Mine is AnalR grade . . . I don't ask where She gets it from when she comes home from work with some for me :whistle: :whistle: :whistle:
 
Well, I've spoke to someone at seven Trent who are going to test further and get back to me in the next 24 hours with alkalinity, calcium and magnesium figures. I am still going to get a test kit for alkalinity. Does it need to be salifert? Also r/o water is £3.50 for 25 litres around the corner.
 
I've had a phone call today and they cannot give me alkalinity which is fine as I'll test myself. Although I have calcium and magnesium readings which Ithink are either very high or wrong.
Calcium is 125mg/l
Magnesium 117mg/l
Do these sound right with a total hardness of 233mg/l as CaCo3? Something iI found with a chart showed with that sort of hardness the calcium would be about 60mg/l and magnesium around 15mg/l.
 
You need a calcium test kit too , watch out for magnesium tests as they are for sea water (usually ) and aren't sensitive enough ( the lowest reading is 30 ppm on the test kit and you should have somewhere between 5 and 30 ppm ) Your caco3 of 233 when converted to ppm calcium is 93 ppm which is good for some brews and too much for beers like lager ( you may want 30 to 60 ppm for a pilsner) Your magnesium wants to be around 5 to 10 ppm ideally , never add magnesium ( unless using RO water) as too much is bad but some is needed for the yeast .
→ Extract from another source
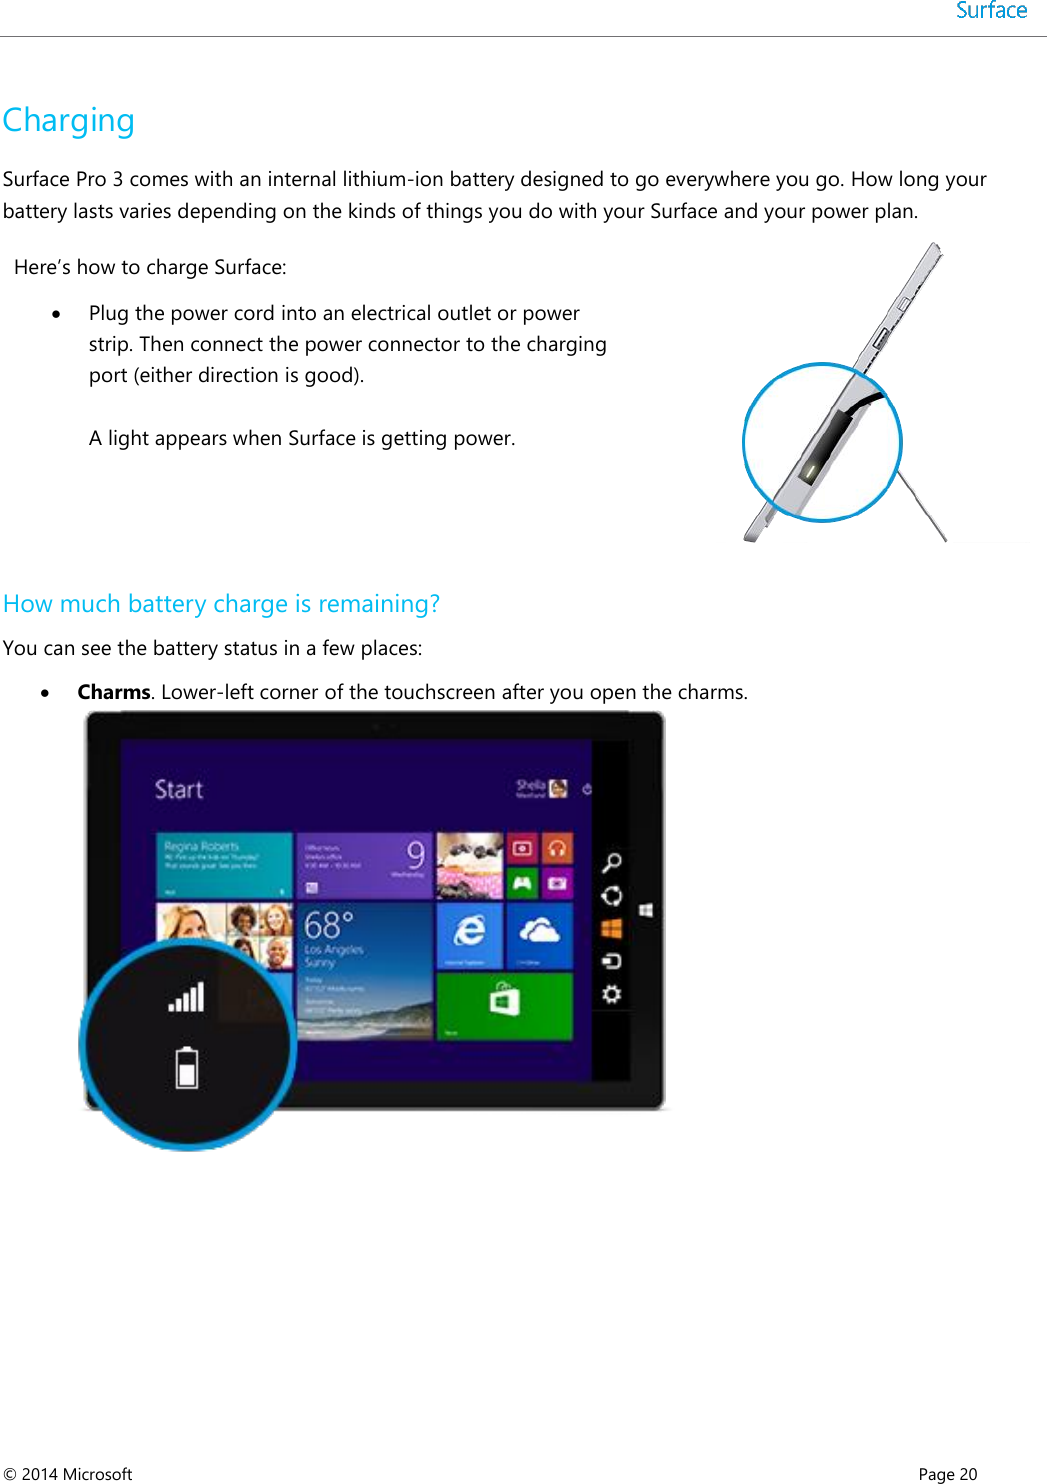  © 2014 Microsoft      Page 20  Charging Surface Pro 3 comes with an internal lithium-ion battery designed to go everywhere you go. How long your battery lasts varies depending on the kinds of things you do with your Surface and your power plan.  Here’s how to charge Surface:  Plug the power cord into an electrical outlet or power strip. Then connect the power connector to the charging port (either direction is good).   A light appears when Surface is getting power.   How much battery charge is remaining? You can see the battery status in a few places:   Charms. Lower-left corner of the touchscreen after you open the charms.     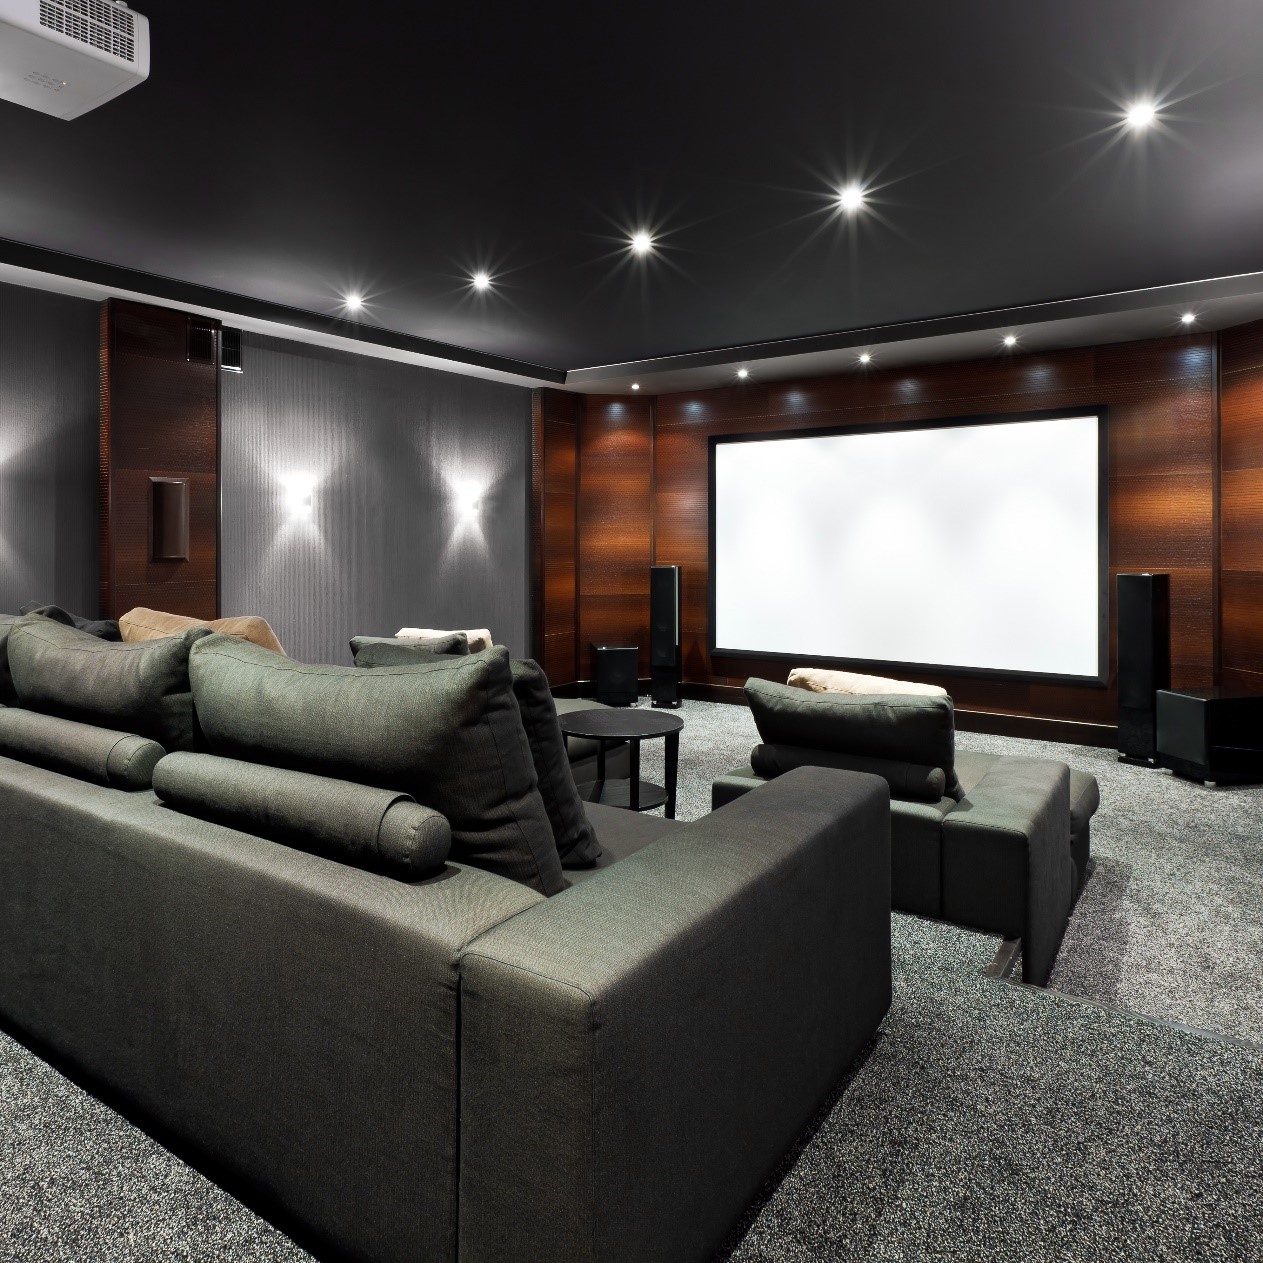 Should You Install 4K Technology in Your Custom Home Theatre?

Your sulphate to chloride ratio favours malty beers as is .
Try bru n water out with those figures and see how much distilled water ( or RO even better ) you need to dilute to achieve your water target , it also gives you targets to aim for .
So you have ,
calcium 93 ppm
magnesium ?
sodium 19 ppm (ideal)
sulphate 47 ppm (good , if brewing hoppy beers more would be better , up to 150 ppm unless super hoppy wanted .)
chloride 92 ppm ( a little on the high side but still good , i wouldn't add any more )
hardness caco3 233 ppm
nearly there .
 
I've tried getting bru n water but it loads up on the tablet but cannot input anything in the boxes.
 
danb said:
Is it more likely they said 0.117 of magnesium and I missed the ppoint?
it's more likely that they said 11.7 even Eric who lives on the magnesium limestone of the NE doesn't have a magnesium content that high (117)
 
Should I give them a ring to confirm aleman? Or is safe to say it will definitely have been 11.7.
Is the reading of 93 what pittsy said or 125 for calcium what I should enter?
On brewers friend calculator it asks for hco3 is this what I'll find out when testing the alkalinity? Although I thought that was caco3.
Cheers
 
Alkalinity can be expressed in different ways. Have a look at Grahams Water Treatment Calculator (google it). Lots of info on there and a relatively simple calculator.

p.s. my magnesium is 9.4 ish.
 
Entering hardness without alkalinity and the other readouts for 40l I'm getting 45ml or crs to be added.
 
Ordered 5kg of lager malt and a bottle of AMS too from murphys. Grahams water calculator can be entered as hardness and not alkalinity which gives me the same figure of 45ml in 40l on the lager profile.
Ordering a saliferrt kit too but not sure I'll have it in time for brewday.
 
danb said:
Ordered 5kg of lager malt and a bottle of AMS too from murphys. Grahams water calculator can be entered as hardness and not alkalinity which gives me the same figure of 45ml in 40l on the lager profile.
Ordering a saliferrt kit too but not sure I'll have it in time for brewday.


If your close to Ilkeston or chilwell over the next few days I have a Salifert test kit you can borrow?
 
Well the test kit didn't come this morning so I'll have to hold off the brewday.